Keeping the sum as a running accumulator avoids floating point drift when dealing with very large counts.

Edge cases

  • Single distinct value: Every count is zero except one. Min, max, mode, and median are all the same value, and the mean equals that value too.
  • Two distinct values with equal counts: The median is the average of the two values, not either one individually.
  • All 256 values present: The algorithm still runs 256 iterations, but now min = 0 and max = 255.
  • Extremely large counts: With counts up to 10^9, the weighted sum i * count[i] can overflow 32-bit integers. Use 64-bit arithmetic or a language that handles big integers natively (like Python).
  • Even vs. odd total count: The median logic must average two middle values for even totals. Missing this is the most common bug.
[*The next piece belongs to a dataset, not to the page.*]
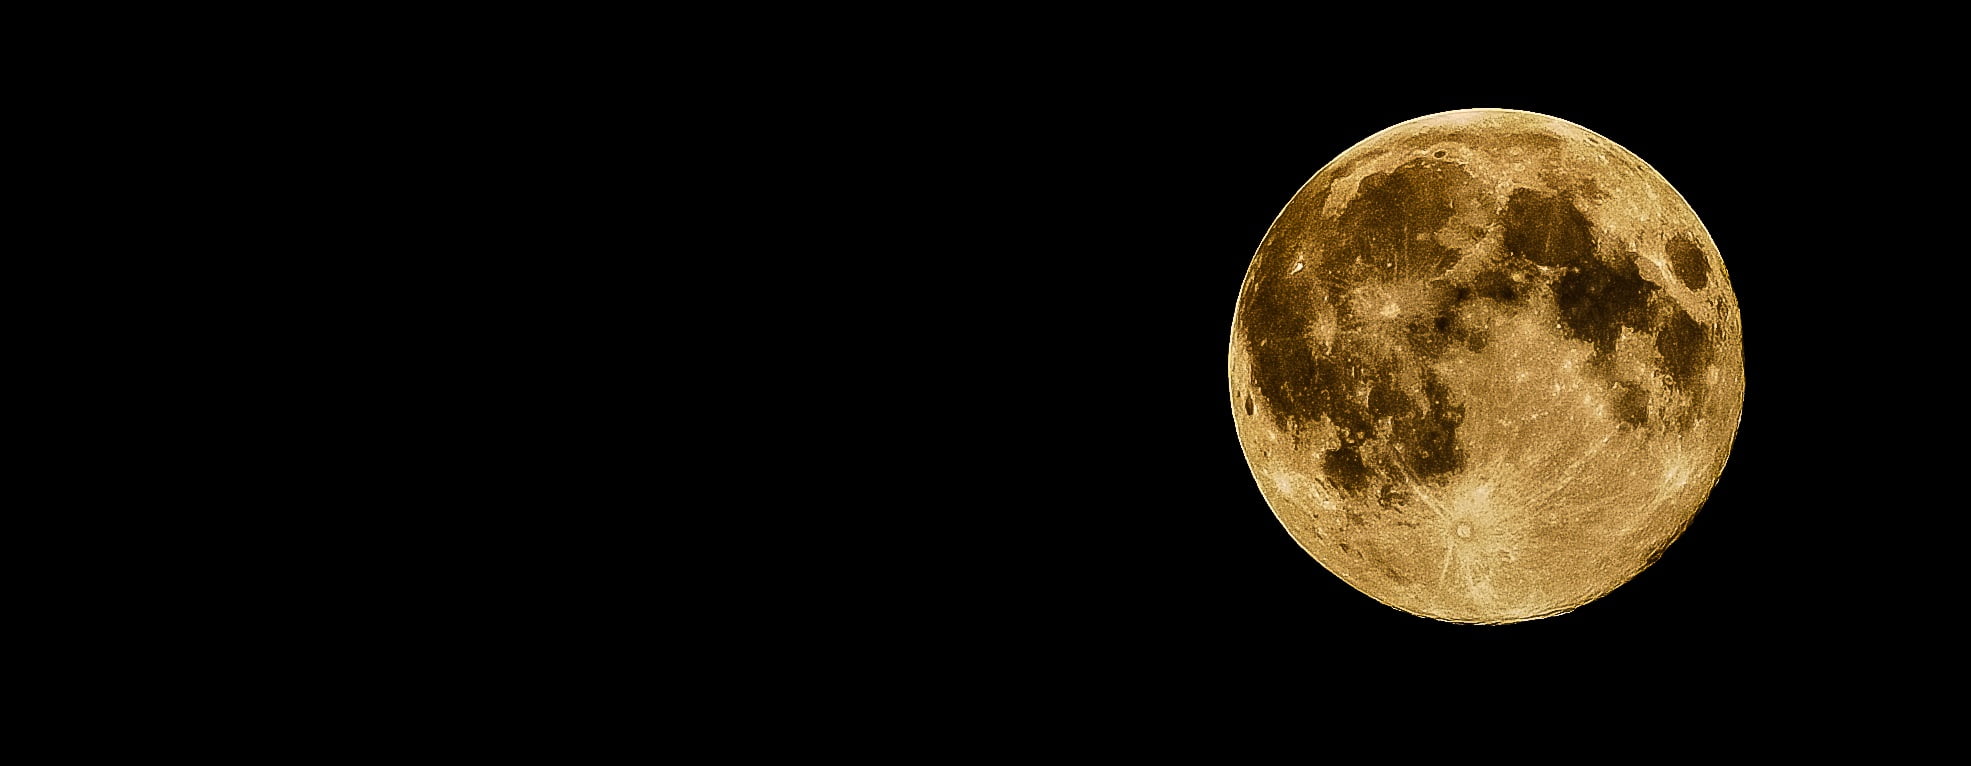 low angle photography of full moon under black background

From understanding to recall

Reading through this solution once gives you the idea, but you will not remember the median formula next week. The trick is to practice retrieving the technique from memory, not just recognizing it when you see it.

Try closing this page and writing the find_median helper from scratch. If you get stuck, come back and check. Then try again tomorrow. That spaced retrieval is what turns a "solved it once" problem into a pattern you own.

CodeBricks automates this cycle for you. It breaks problems into atomic building blocks (prefix sum over frequency arrays, weighted aggregation, boundary scanning) and schedules them for review at increasing intervals. You stop grinding and start retaining.

Related posts

  • Find Peak Element - another problem where scanning with a simple condition finds the answer
  • Two Sum - frequency-based lookup using a hash map
  • Majority Element - computing statistics from frequency information

The five statistics in this problem are not hard individually. What makes the problem interesting is computing all of them from a single compressed representation. If you can internalize the frequency array abstraction, you will find it popping up everywhere, from counting sort to sliding window frequency maps.